A life spent overseas to help people
His dream was to become “a scientist, an inventor or an explorer.” John McWilliam, 57 years old, is a British scientist born in Singapore who married his Canadian wife in Thailand, fell in love with Ghana and is now the head of a little cider mill in Normandy.
He came to France for the first time in 1973 to work as a lumberjack near Alençon. “I wanted to do something manual and physical” he explains. After that, from 1975 to 2002, he worked overseas for the British or the German government. At the beginning, with a scholarship given by the British government, he worked as a scientist specialized on acid soils for three years. “The first time I worked in Thailand was in an area with very acidic soils. They had to control it extremely carefully using water control measures.”
But he wanted to act more.

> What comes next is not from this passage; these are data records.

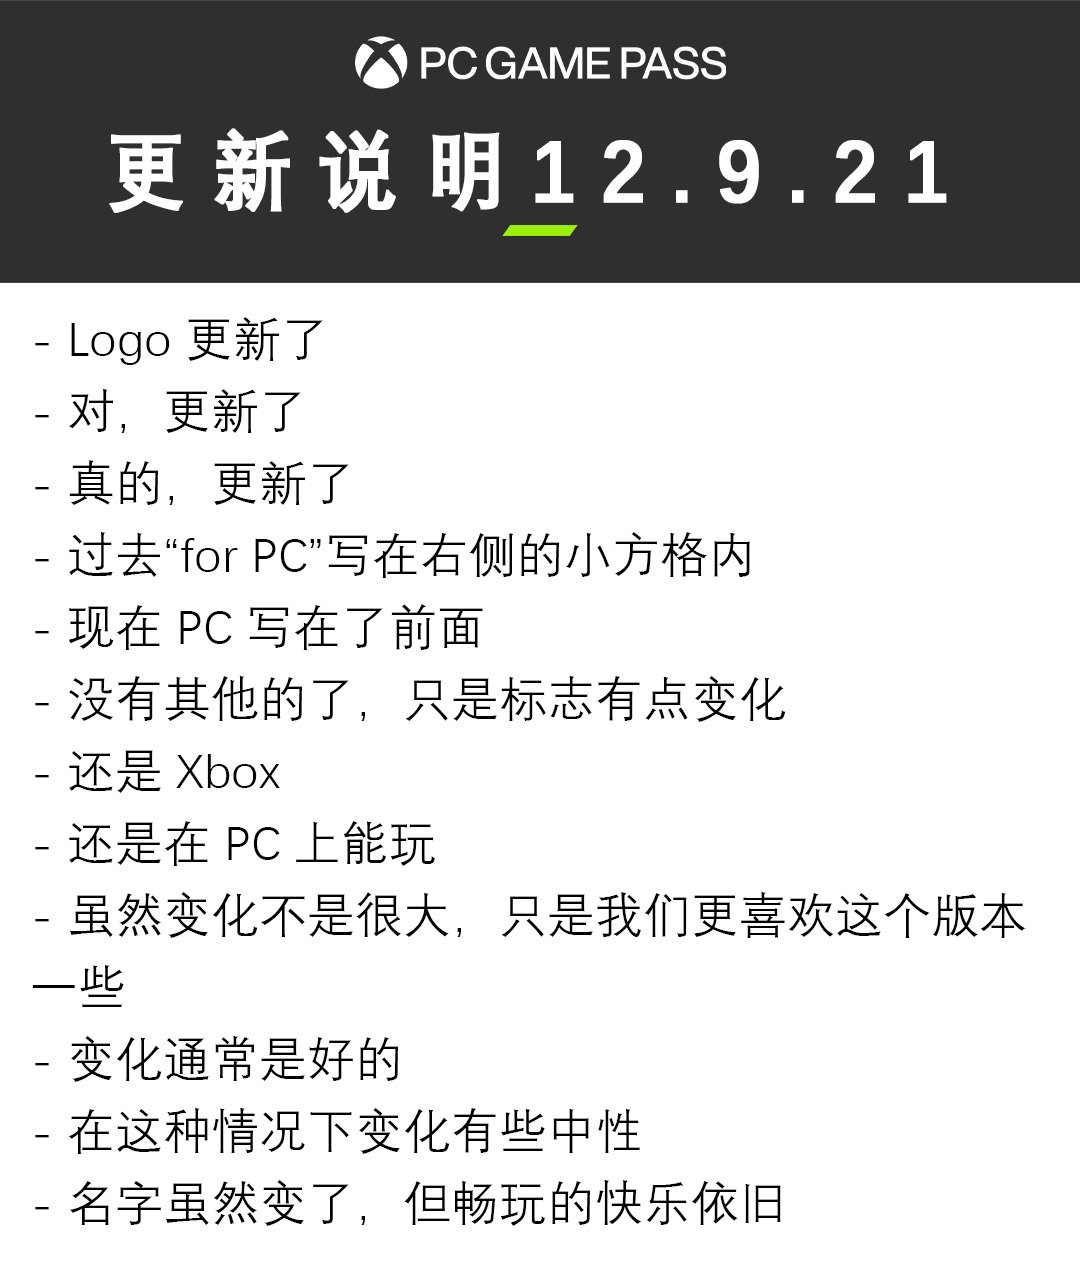 微软宣布PC版Xbox Game Pass更名为PC Game Pass
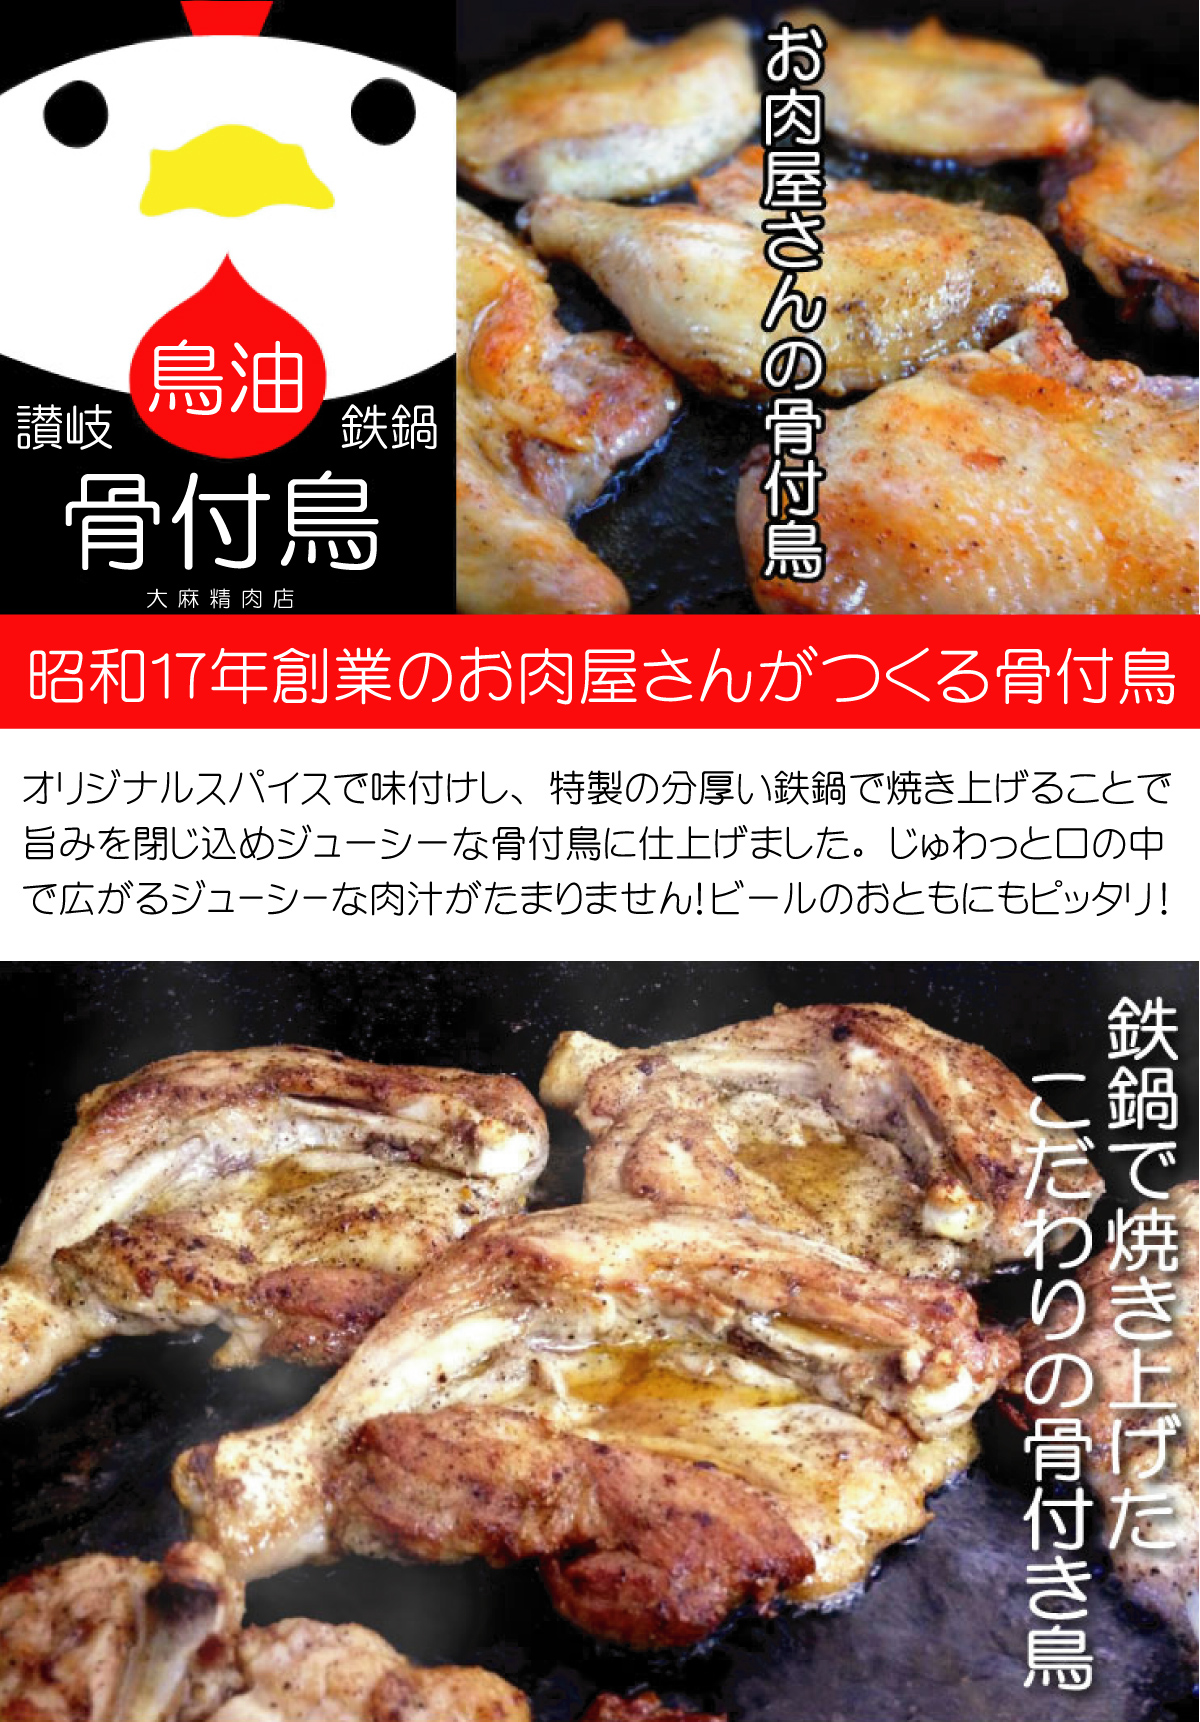 昭和17年創業のお肉屋さんが作る、無添加でおいしい骨付鳥!
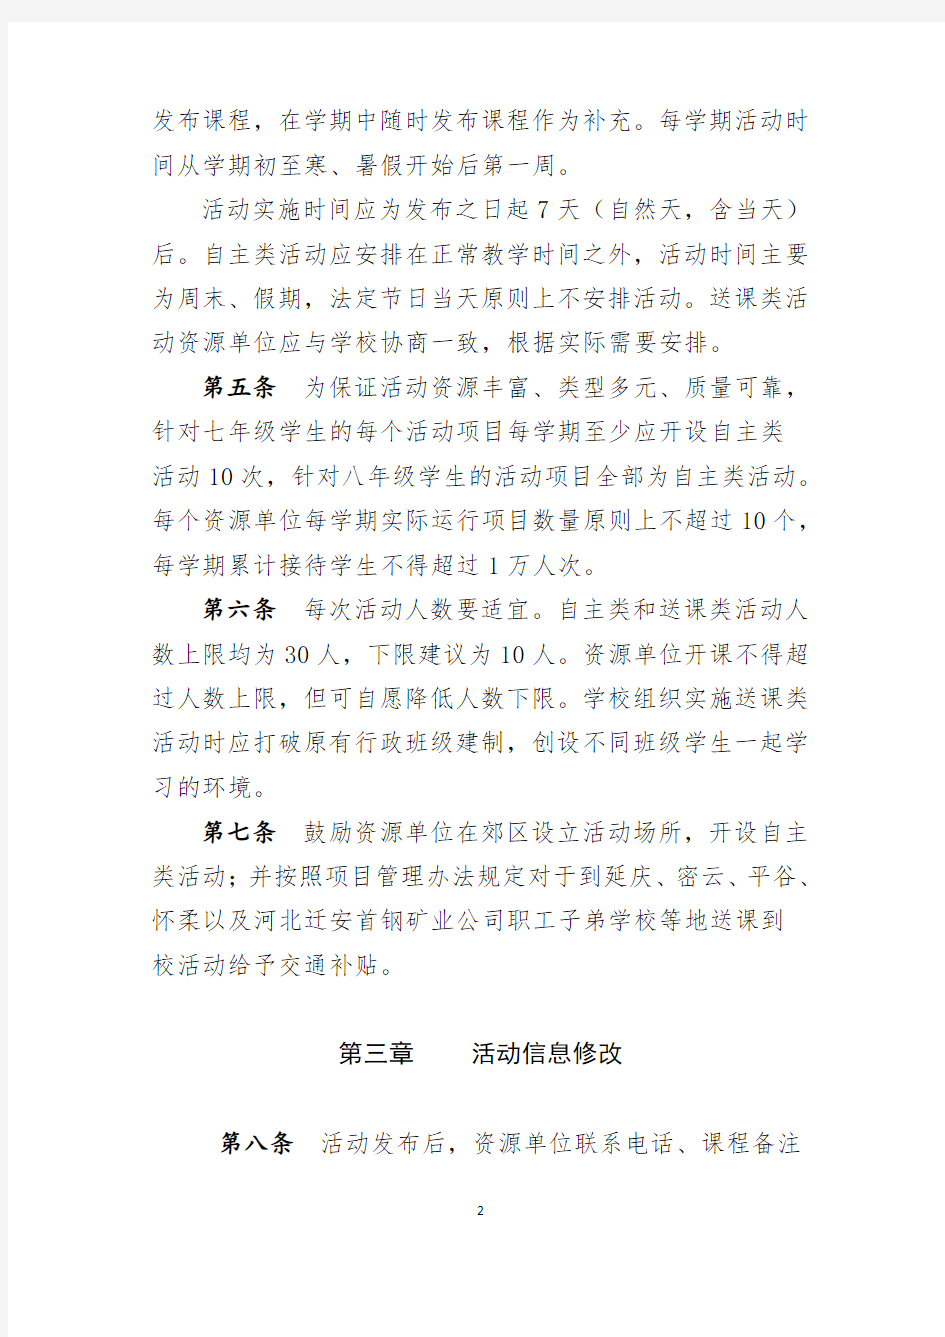 北京市初中开放性科学实践活动管理操作流程

He decided to work for the Commonwealth Development Corporation: “ A very little known but extremely powerful organization which deals with development, energy, agriculture…” For him, it had been the beginning of another life and the end of research “much more limiting.” He says: “Research can give an answer to a lot of questions but without the political will and power to put this in operation, nothing will happen.”
John Mc William worked in Malaysia, Indonesia, Thailand, Papua and New Guinea, Ghana and Sierra Leone to help the local inhabitants develop their own small plantations and to be able to grow and develop their own cocoa crops. In Ghana, he spent seven years in the Volta region in forestry reserves to try to stop illegal timber cutting. He also tried to stabilize the fertility of the soils. “The main emphasize for me has been to help people to be able to make money” he said with a broad smile. But from Ghana, news from his friends doesn’t sound very good: “I don’t say it is all lost, people have learned things, but the stability of the system is under threat.”
Supplying drinking water to a quarter of a million people
Among all his works, there is one of whose importance he is convinced. It was in Sierra Leone along the border with Liberia when he tried to take care of all people displaced by the war. “I really did something in Sierra Leone, no question. We had housing, medicine… I was in charge of all of them. It was quite a responsibility but it means that you could really plan things and get things done.” He and his team supplied drinking water to a quarter of a million people. They put up over a thousand different buildings. “It was a very big project. It really did have a very considerable impact.” For him, the completion of projects still depends on skills, the amount of money involved and power.
In Thailand, he started the development of nine thousand plantations. He knew he had a job for life. But in 1987 he gave up his job and decided that he would make a very small plantation for himself somewhere.
Happy memories from Normandy came back. Interested in fruit, he planted apple trees to make cider, “a very underestimated and undervalued crop” around a farm lost in the countryside, near Carrouges. Realistic, he asserts: “The amount of money put into Carrouges is probably equivalent to that made in all the Sierra Leone. So, I think we have to put things in perspective. When I think about my projects, I think it was important but it’s peanuts.”
Anyway, John Mc William has sown his expertise and the crops he has got are invaluable. “I’ve been in places just by myself having to talk to people without speaking a word of their language and try to manage the whole system as well. You have to like it. It’s not just a job it’s your life.”